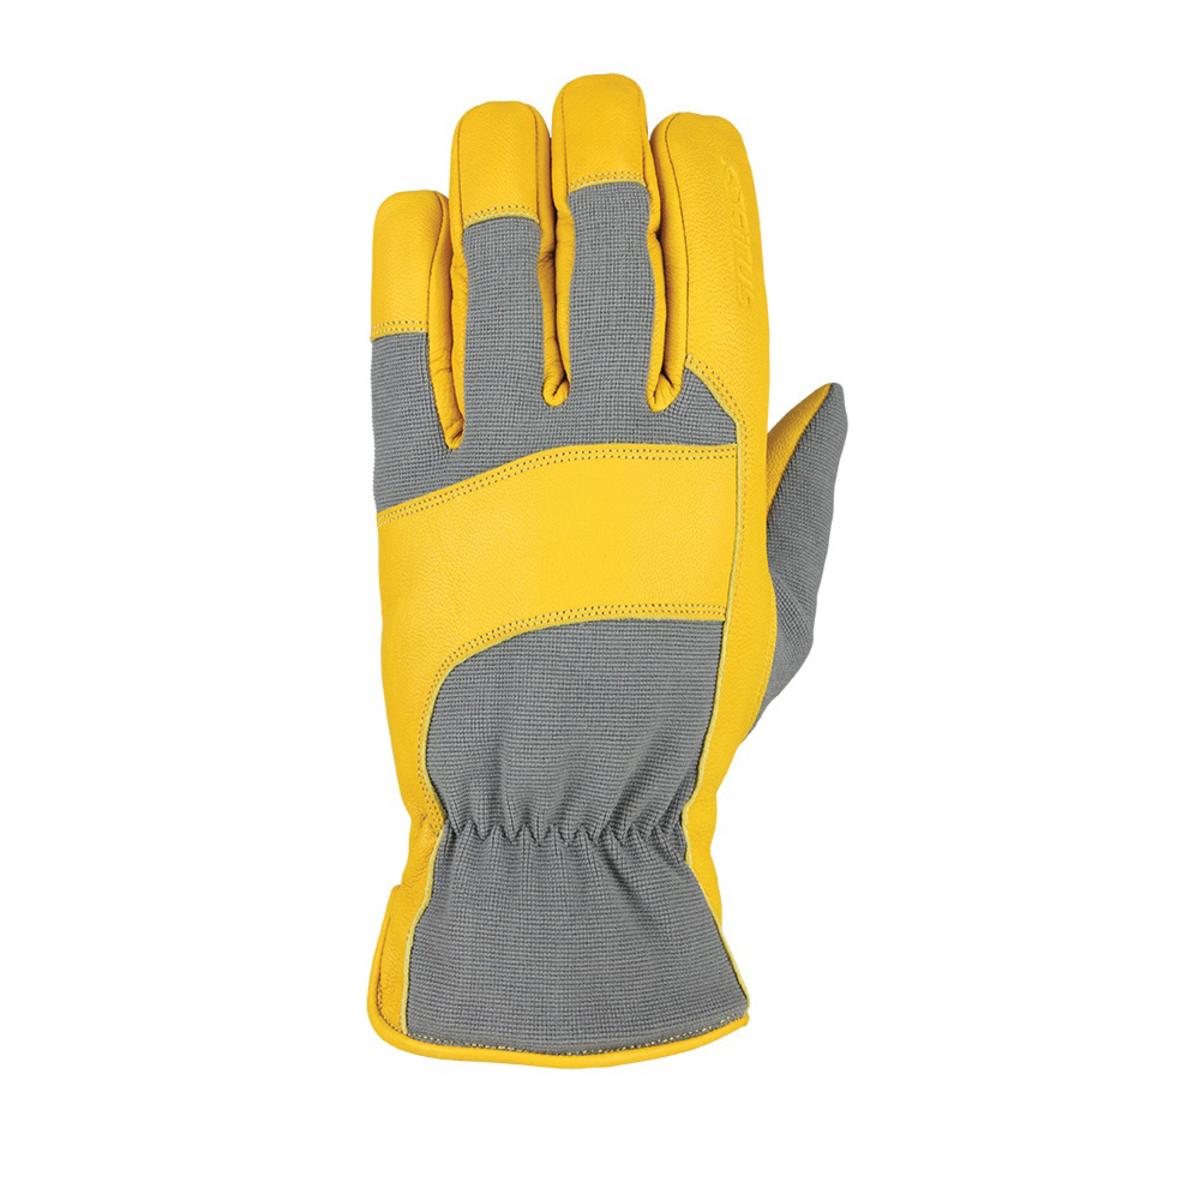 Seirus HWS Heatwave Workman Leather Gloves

==

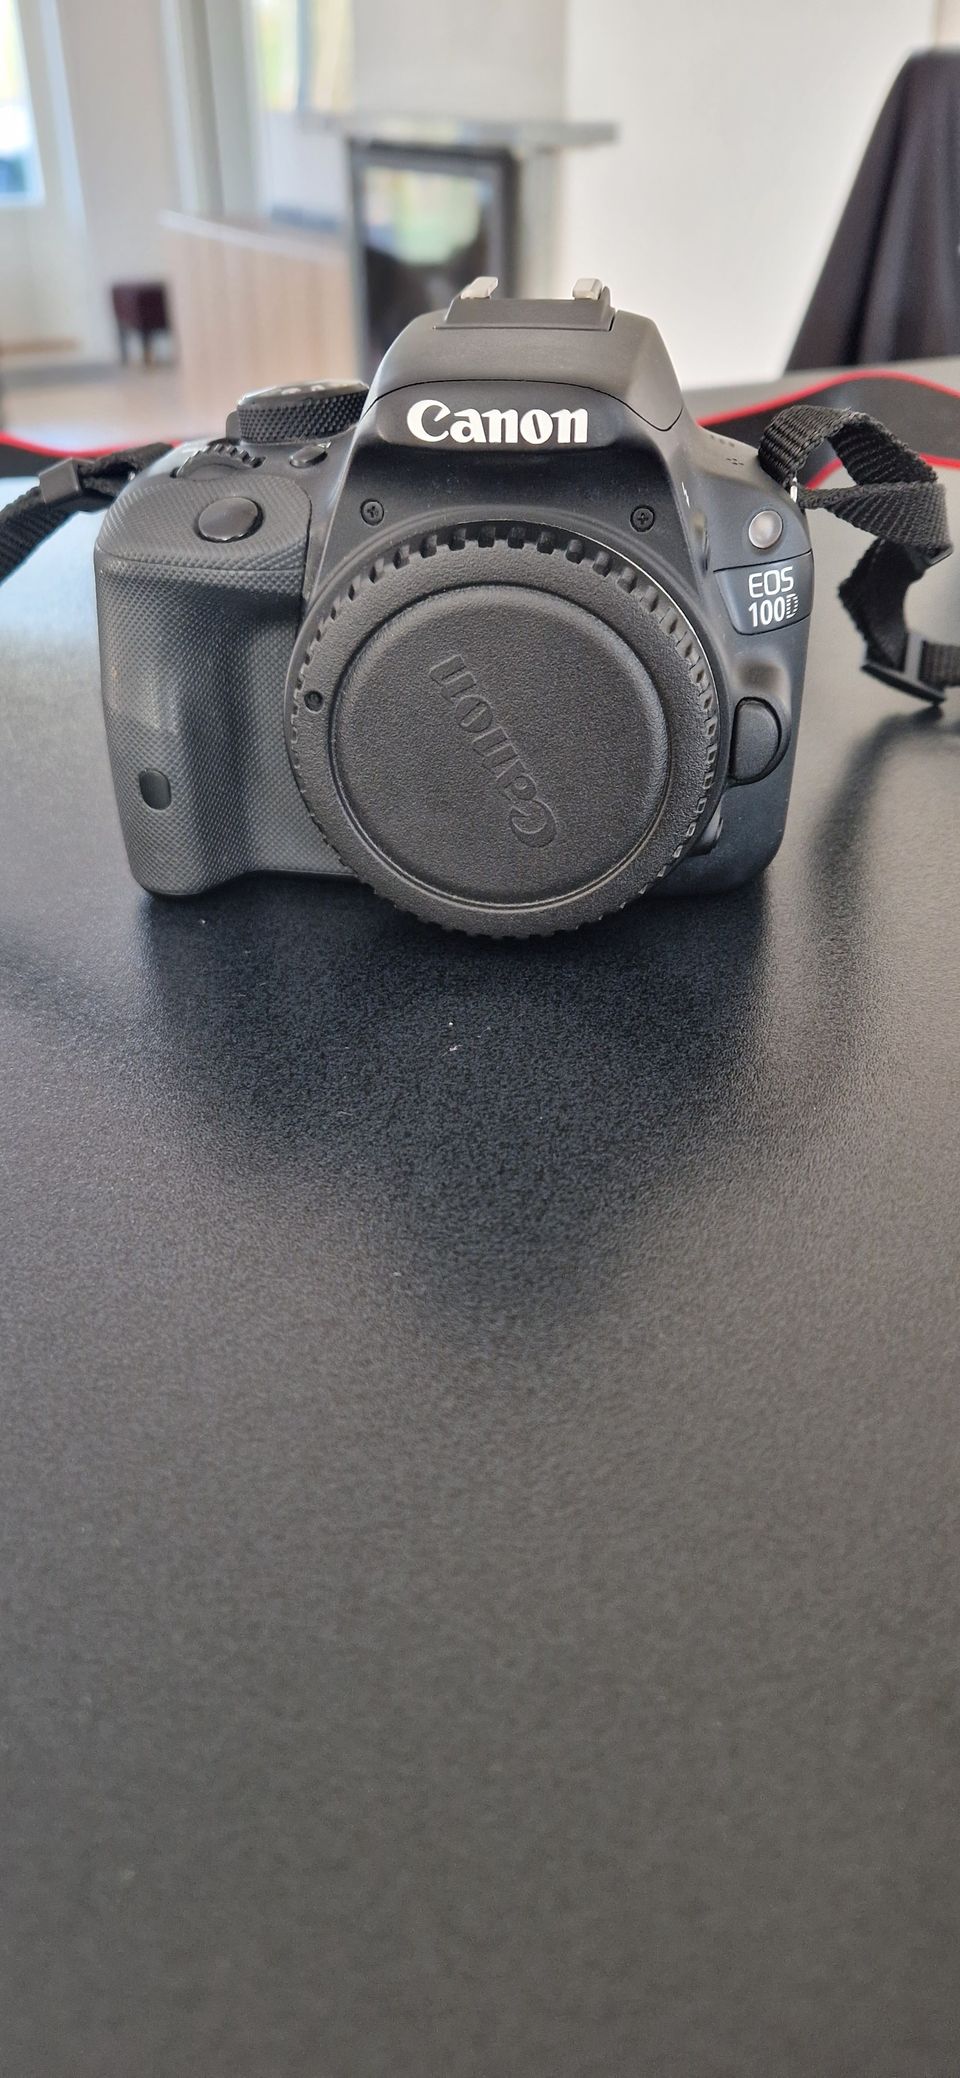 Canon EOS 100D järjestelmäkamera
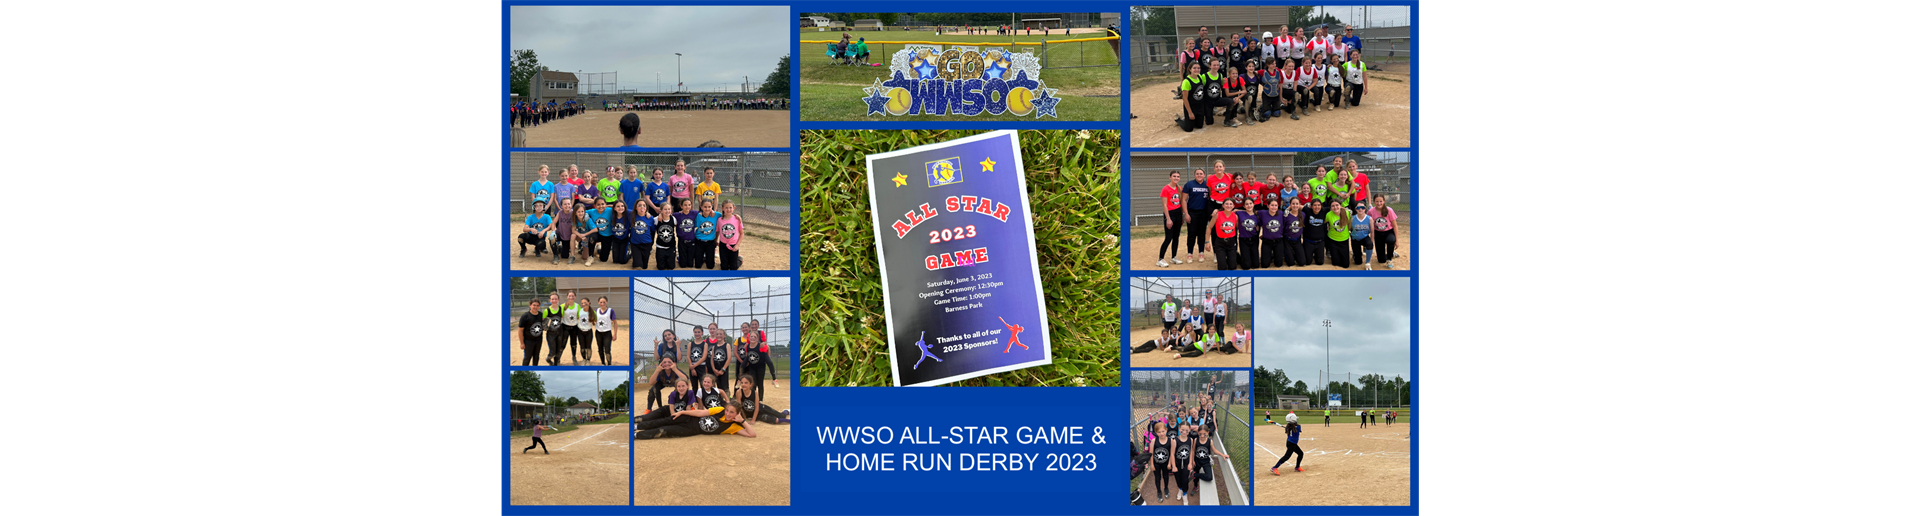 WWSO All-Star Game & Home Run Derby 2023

--

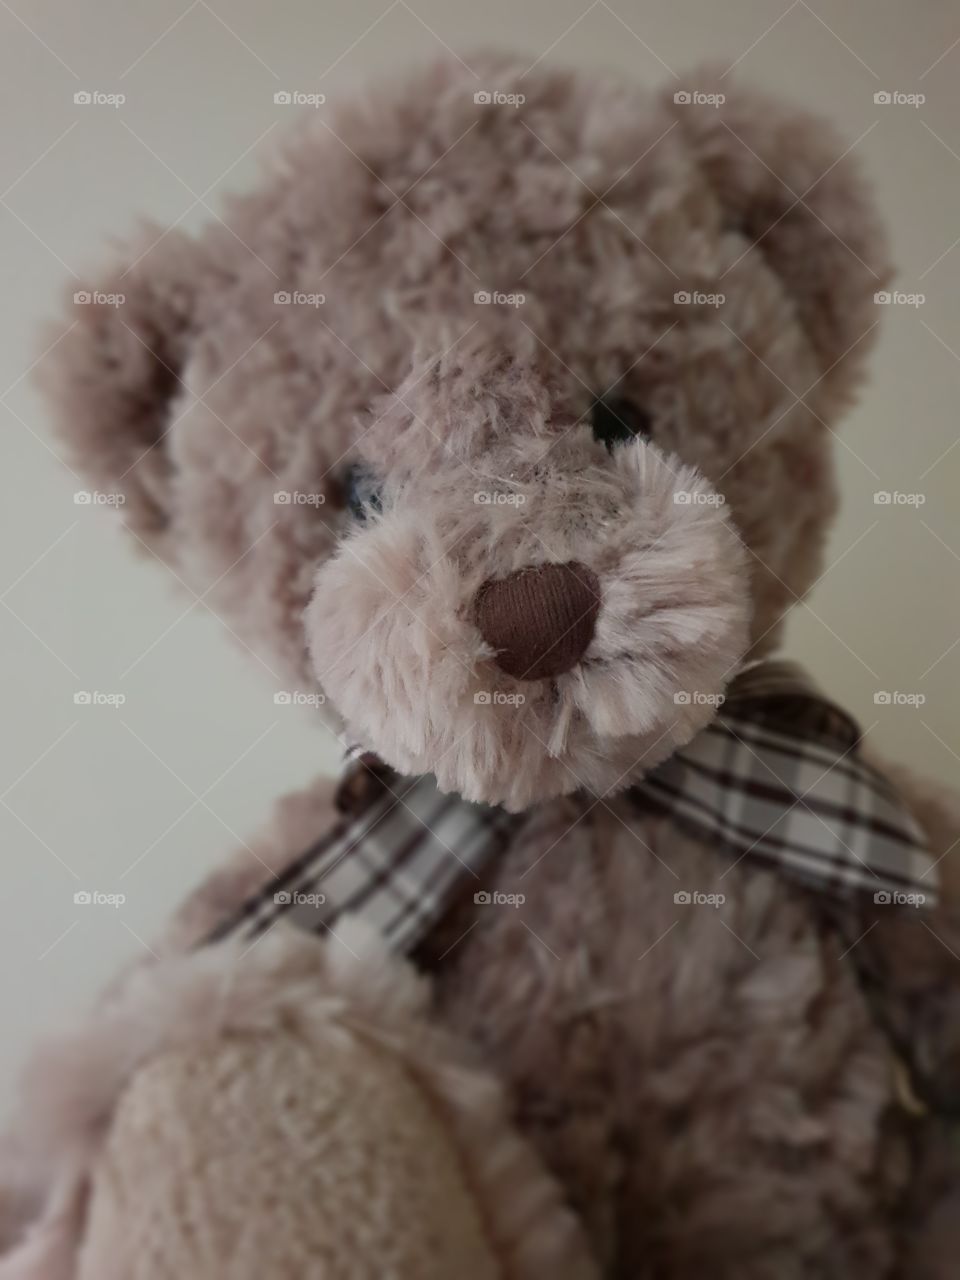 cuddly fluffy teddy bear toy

* [Task item] Starting with the line that has "Canon EOS 100D järjestelmäkamera" and ending with the line that has "WWSO All-Star Game & Home Run Derby 2023", repeat the lines above exactly, omitting every picture.

* [Worked solution]
 Canon EOS 100D järjestelmäkamera
 WWSO All-Star Game & Home Run Derby 2023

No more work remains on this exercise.